--- Dataset records ---
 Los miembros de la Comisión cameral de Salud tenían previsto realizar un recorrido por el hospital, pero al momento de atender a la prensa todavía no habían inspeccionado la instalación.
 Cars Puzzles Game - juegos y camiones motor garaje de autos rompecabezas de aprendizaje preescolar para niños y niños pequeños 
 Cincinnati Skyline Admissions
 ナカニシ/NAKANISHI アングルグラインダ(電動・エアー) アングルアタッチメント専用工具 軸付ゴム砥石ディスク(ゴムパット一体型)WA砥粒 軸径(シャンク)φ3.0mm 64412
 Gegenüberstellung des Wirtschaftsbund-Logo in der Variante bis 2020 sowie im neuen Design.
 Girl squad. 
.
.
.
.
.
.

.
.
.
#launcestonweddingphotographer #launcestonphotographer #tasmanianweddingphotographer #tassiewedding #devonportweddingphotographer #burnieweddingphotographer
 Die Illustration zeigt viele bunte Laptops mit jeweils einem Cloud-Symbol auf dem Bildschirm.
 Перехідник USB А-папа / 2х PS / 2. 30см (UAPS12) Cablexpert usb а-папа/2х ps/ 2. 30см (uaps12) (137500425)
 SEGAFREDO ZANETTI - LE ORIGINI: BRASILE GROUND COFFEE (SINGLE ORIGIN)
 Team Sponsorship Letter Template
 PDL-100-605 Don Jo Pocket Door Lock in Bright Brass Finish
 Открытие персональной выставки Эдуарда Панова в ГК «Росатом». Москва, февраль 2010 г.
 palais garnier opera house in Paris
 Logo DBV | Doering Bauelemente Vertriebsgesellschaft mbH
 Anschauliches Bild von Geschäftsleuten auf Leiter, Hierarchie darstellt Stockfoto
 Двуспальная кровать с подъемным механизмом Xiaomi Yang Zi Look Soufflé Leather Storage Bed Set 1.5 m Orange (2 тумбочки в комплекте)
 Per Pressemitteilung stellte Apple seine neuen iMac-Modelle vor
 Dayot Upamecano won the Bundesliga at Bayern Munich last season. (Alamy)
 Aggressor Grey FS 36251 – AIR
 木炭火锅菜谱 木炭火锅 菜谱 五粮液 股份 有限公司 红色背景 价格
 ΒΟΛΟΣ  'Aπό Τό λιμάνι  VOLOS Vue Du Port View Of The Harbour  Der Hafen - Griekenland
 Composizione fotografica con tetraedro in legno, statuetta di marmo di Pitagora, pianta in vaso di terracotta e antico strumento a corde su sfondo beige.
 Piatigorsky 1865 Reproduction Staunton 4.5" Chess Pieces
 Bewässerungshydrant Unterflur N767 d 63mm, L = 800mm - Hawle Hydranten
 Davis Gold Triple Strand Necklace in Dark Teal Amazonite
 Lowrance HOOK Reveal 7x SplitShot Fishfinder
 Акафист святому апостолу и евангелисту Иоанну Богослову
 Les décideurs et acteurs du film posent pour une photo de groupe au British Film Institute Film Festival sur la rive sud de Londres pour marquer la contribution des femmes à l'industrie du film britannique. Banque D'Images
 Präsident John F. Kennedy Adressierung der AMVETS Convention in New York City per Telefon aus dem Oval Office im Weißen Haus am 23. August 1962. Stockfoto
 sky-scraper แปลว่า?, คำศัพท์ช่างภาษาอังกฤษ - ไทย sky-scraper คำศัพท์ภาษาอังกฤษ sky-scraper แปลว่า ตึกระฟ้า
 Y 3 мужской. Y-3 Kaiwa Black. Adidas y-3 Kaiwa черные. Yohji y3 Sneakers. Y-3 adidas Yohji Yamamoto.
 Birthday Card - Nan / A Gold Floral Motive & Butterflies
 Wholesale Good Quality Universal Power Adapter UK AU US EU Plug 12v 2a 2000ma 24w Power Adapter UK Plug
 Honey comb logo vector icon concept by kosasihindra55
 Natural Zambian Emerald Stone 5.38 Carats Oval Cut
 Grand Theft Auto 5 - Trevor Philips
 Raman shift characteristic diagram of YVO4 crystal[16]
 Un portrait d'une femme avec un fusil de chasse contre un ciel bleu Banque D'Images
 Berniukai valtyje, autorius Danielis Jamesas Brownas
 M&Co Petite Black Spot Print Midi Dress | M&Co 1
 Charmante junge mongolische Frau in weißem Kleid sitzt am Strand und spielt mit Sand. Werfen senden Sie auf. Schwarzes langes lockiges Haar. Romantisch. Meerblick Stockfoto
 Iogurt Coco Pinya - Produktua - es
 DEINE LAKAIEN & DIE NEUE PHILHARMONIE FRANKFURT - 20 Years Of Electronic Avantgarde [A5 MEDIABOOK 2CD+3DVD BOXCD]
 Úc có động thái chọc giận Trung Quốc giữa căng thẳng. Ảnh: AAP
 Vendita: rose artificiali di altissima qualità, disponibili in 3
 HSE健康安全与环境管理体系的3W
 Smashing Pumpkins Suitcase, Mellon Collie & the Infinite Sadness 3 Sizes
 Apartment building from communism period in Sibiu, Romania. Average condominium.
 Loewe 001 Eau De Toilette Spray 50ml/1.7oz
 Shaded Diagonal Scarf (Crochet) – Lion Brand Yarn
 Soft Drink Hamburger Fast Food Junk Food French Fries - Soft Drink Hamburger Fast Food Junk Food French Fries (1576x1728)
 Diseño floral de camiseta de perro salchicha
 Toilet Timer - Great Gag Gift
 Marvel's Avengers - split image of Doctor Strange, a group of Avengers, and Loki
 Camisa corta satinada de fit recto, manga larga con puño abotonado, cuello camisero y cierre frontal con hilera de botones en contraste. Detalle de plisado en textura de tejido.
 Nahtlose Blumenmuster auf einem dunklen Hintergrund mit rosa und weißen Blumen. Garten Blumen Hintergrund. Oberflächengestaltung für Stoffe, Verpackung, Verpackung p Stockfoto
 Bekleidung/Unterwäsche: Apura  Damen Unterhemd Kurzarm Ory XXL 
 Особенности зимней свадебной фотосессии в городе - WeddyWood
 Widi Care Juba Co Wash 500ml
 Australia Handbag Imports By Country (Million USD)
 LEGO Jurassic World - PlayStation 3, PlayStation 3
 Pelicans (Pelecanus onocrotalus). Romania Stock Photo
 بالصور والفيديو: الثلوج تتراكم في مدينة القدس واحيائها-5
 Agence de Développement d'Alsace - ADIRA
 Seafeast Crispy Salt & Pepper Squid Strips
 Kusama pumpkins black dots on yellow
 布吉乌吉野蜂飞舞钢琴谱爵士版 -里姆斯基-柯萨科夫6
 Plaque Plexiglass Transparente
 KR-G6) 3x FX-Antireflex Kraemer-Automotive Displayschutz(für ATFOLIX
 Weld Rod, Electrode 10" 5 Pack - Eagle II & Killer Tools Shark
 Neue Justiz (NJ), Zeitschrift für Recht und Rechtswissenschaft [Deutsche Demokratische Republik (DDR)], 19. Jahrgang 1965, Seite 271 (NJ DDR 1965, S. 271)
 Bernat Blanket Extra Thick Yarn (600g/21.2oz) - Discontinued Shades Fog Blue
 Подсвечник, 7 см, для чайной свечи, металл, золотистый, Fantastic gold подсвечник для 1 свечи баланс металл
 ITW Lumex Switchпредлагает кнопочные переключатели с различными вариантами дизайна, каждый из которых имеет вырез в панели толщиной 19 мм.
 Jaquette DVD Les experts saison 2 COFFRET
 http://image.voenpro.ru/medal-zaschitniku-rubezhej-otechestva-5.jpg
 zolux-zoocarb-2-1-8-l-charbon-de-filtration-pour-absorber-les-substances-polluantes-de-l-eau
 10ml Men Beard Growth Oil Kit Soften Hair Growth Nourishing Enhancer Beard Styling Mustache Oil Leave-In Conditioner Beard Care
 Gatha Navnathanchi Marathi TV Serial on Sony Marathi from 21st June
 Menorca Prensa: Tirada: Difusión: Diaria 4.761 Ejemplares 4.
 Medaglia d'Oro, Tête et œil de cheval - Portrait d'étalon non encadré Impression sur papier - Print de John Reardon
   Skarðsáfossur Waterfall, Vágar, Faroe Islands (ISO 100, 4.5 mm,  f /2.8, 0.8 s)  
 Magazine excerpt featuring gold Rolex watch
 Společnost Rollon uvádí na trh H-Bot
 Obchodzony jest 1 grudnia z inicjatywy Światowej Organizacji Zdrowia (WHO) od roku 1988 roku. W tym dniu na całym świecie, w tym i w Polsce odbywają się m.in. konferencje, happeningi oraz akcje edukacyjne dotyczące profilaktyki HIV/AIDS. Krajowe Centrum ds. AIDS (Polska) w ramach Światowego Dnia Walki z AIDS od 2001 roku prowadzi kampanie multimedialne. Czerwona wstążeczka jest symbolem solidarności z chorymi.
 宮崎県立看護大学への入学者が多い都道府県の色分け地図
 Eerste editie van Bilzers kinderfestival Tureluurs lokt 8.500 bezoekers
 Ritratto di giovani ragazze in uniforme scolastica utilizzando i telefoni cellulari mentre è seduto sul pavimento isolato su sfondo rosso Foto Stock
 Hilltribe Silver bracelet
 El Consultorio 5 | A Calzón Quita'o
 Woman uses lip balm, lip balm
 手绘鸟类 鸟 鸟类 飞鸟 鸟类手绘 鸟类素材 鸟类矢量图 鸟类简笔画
---
_Work required_. Transcribe the lines above between the line holding "Präsident John F." and the line holding "Birthday Card - Nan", inclusive, exactly as they stand and with nothing added.

_Problem solution_.
 Präsident John F. Kennedy Adressierung der AMVETS Convention in New York City per Telefon aus dem Oval Office im Weißen Haus am 23. August 1962. Stockfoto
 sky-scraper แปลว่า?, คำศัพท์ช่างภาษาอังกฤษ - ไทย sky-scraper คำศัพท์ภาษาอังกฤษ sky-scraper แปลว่า ตึกระฟ้า
 Y 3 мужской. Y-3 Kaiwa Black. Adidas y-3 Kaiwa черные. Yohji y3 Sneakers. Y-3 adidas Yohji Yamamoto.
 Birthday Card - Nan / A Gold Floral Motive & Butterflies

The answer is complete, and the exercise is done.